Прошел где велели. Благополучно встал на эскалатор. Но ожидаемой торжественности и торжества не почувствовал. Женька был обычным, одним из десятков и десятков поднимающихся и спускающихся – никто на него внимания не обращал, девушки не замечали… И он почувствовал усталость и придавленность. Наверное, это начиналось похмелье…
Доехал до «Площади Восстания», поднялся на улицу. Покурил, любуясь стелой, Московским вокзалом, огромной гостиницей с буквами «Город-герой Ленинград» на крыше. Отметил: не сняли. Казалось, после переименования города всякое упоминание о Ленинграде вытравят тут же. По крайней мере, в программе «Время» были такие сюжеты, неодобрительные, конечно, а в газете «Советская Россия» так и вовсе писали, что власть в Ленинграде захватили враги страны. И нового начальника города критиковали. Недавно, например, пригласил в город кого-то из Романовых, какого-то старенького великого князя, который во время войны призывал народы Европы пойти с Гитлером освобождать Россию от коммунистов.
Надо разбираться… Надо прийти в себя, привыкнуть и решать, как жить дальше. Как, где… Сейчас вот стоит, прижавшись к стене, и боится пойти. Столько людей вокруг, машин. Гул, снег шипит под колесами… Одичал на заставе, одичал во всех смыслах.
Так, какой там у Лёхи дом?
Зажал дипломат меж коленей, достал из внутреннего кармана шинели блокнот. Лиговка, дом шестьдесят пять. Это в ту сторону, к Обводному каналу. И, судя по всему, недалеко.
Не без робости пересек Невский проспект. Хоть и на зеленый свет светофора, но… Больше опасался не машин, а столкновения с людьми. Все так быстро ходят, так умело лавируют, а он – как слепой. Нет, оглушенный.
И тянет глазеть-глазеть по сторонам. Взгляд выхватывает знакомое и воспоминания распирают и мозг, и душу.

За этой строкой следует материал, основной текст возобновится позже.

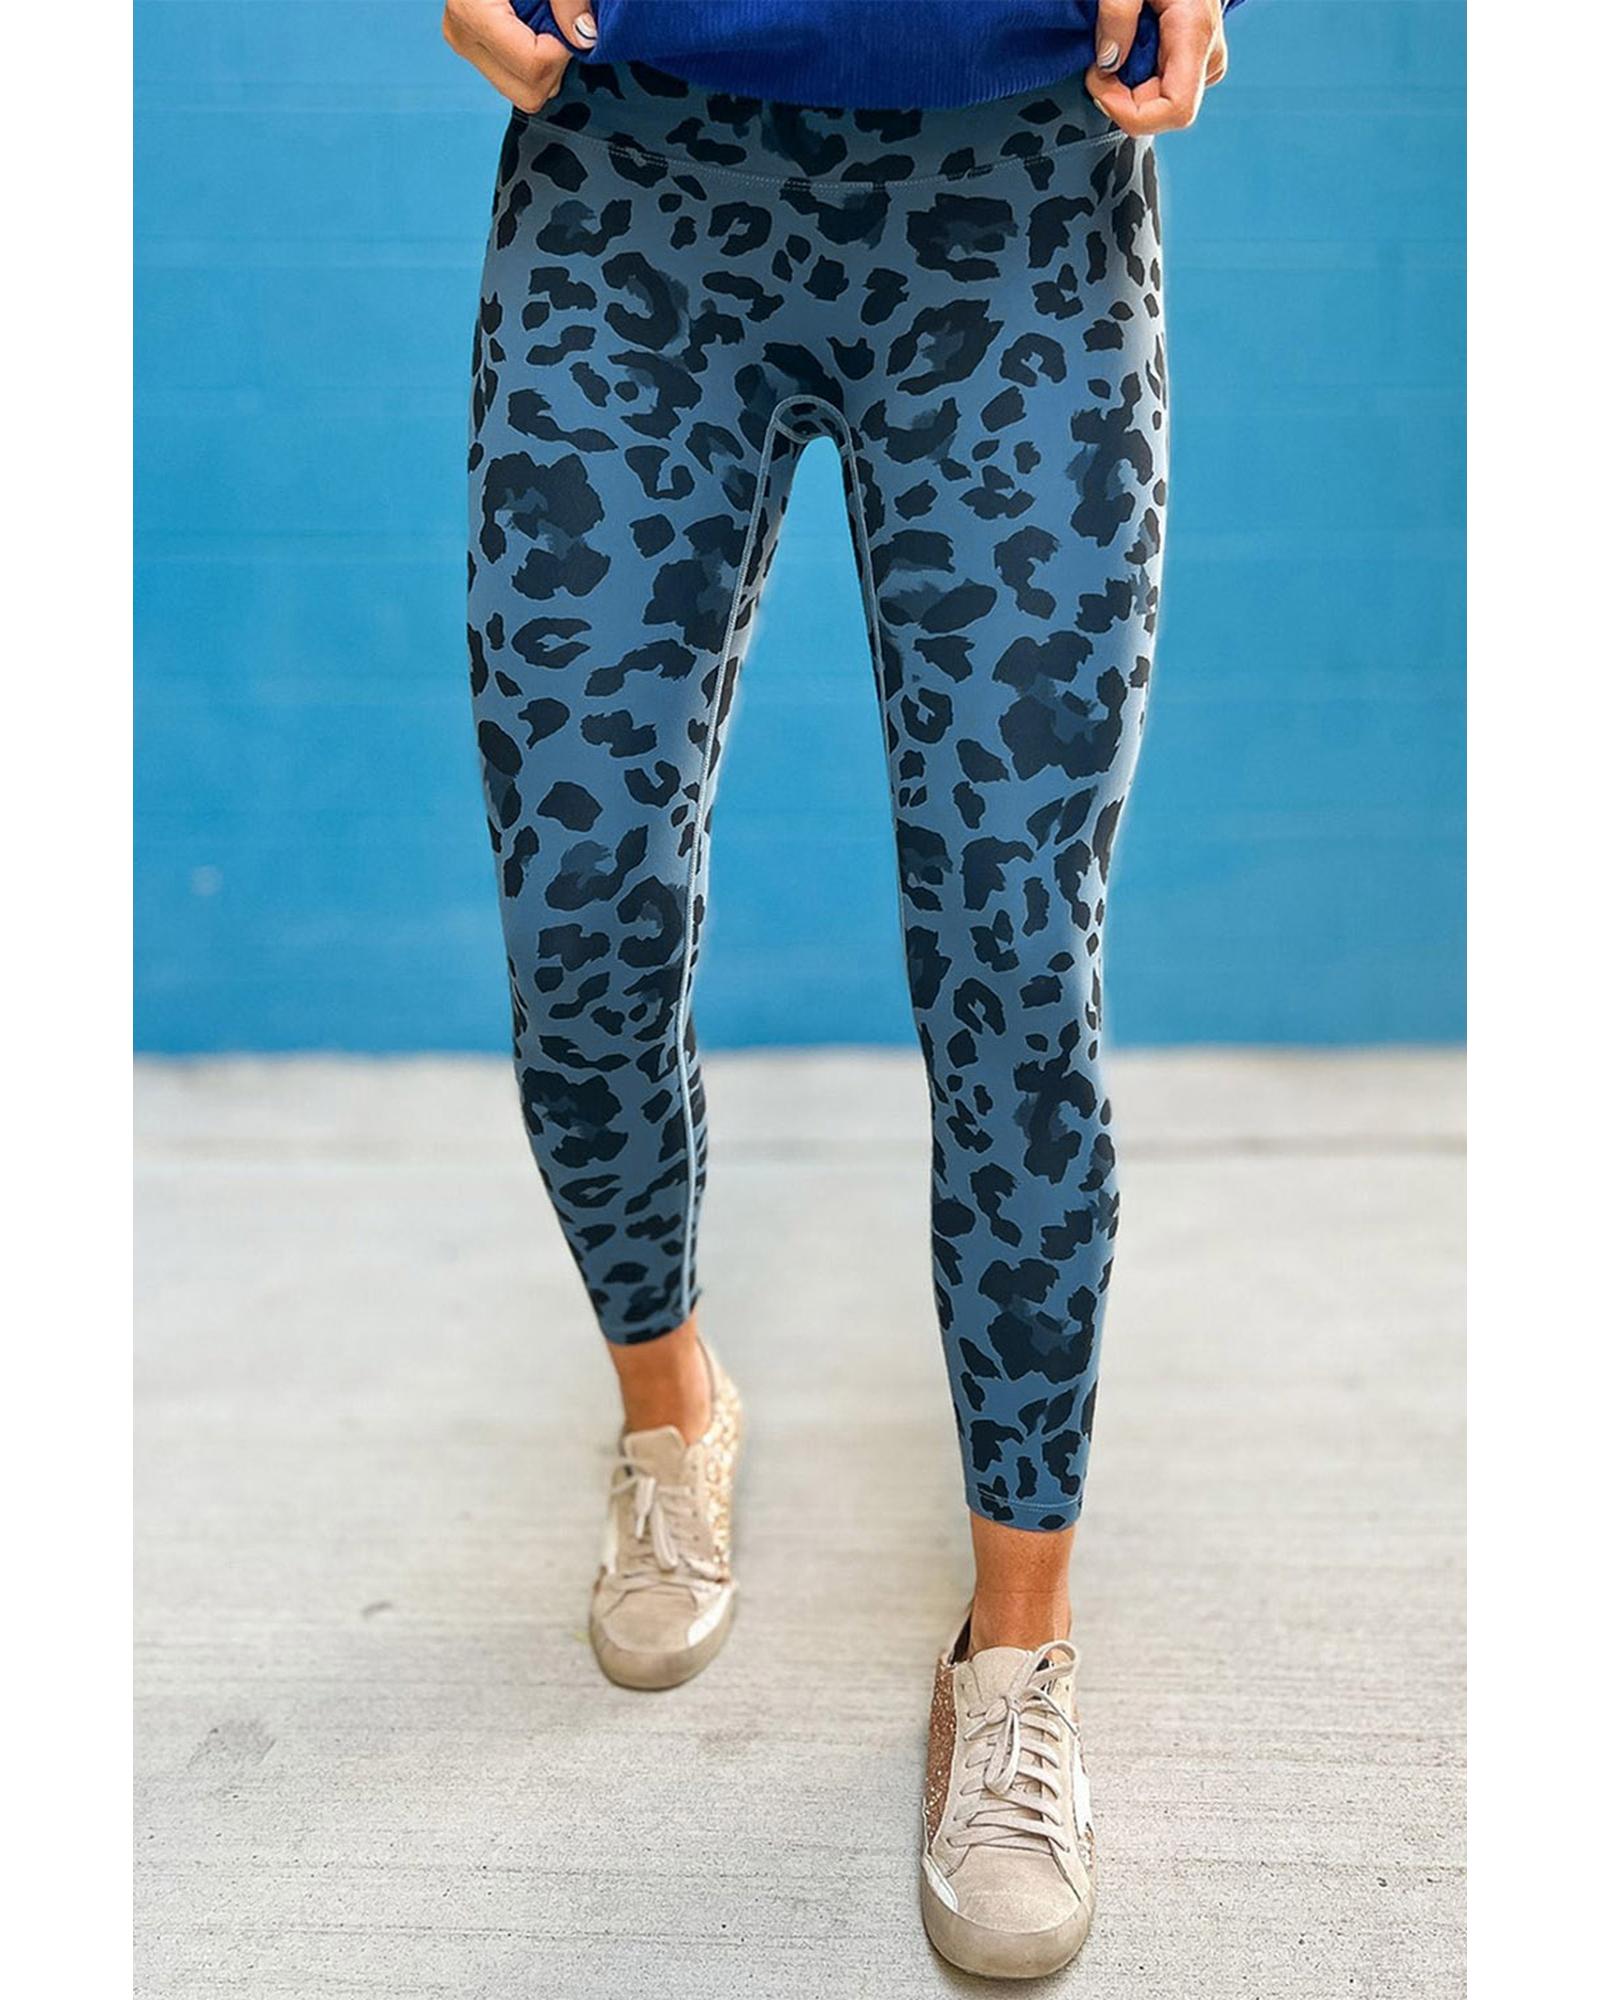 Leopard Print Active Leggings - XL

Московский вокзал – Москарик, Маша. Часто по вечерам с пацанами ездили сюда. И на поезда посмотреть, и на проституток. Следили за какой-нибудь одинокой девушкой и представляли, что проститутка. Не путана, а именно проститутка. Путаны обитали там, в гостиницах, в дорогих ресторанах, куда им вход был заказан, а здесь… Имелись бы деньги, подошли бы. Были уверены, что подошли бы, уверяли друг друга.
Но карманы все время были пусты. Жалкая мелочь. И, насмотревшись, как одна девушка знакомится с парнем или мужчиной, потом другая, третья, возбужденные, взбудораженные и от этого проголодавшиеся, бежали к ларьку, где продавали пирожки с ливером – тошнотики за семь копеек.
Хотя кормили в путяге классно. От души. Поварихи были полные, румяные, добрые. Давали добавку с радостью… По сути, чаще всего голод гнал Женьку с Васильевского острова в училище. Поесть, а заодно и на занятиях посидеть.
Дом нашел быстро – красивый, огромный, с эркерами. А в поисках нужной парадной пришлось побродить по внутренним дворам… Вот, кажется.
Хм, парадная… Скорее черный ход… Открыто, вошел. Стал подниматься по лестнице и сразу отметил, что она сделана по дореволюционным правилам – пологая, ступени широкие, никакой одышки после четырех этажей, усталости.
Дверь. Сверился с блокнотом – та самая. Поправил фуражку, вспомнил, что ничего не купил, испугался и тут же решил: вместе сбегаем. Вдавил кнопку старого, полузакрашенного бурой эмульсионкой звонка. Услышал вдали дребезжание, противное, как у армейского тапика. А спустя полминуты – скрип двери. Не этой, наверное, внутренней.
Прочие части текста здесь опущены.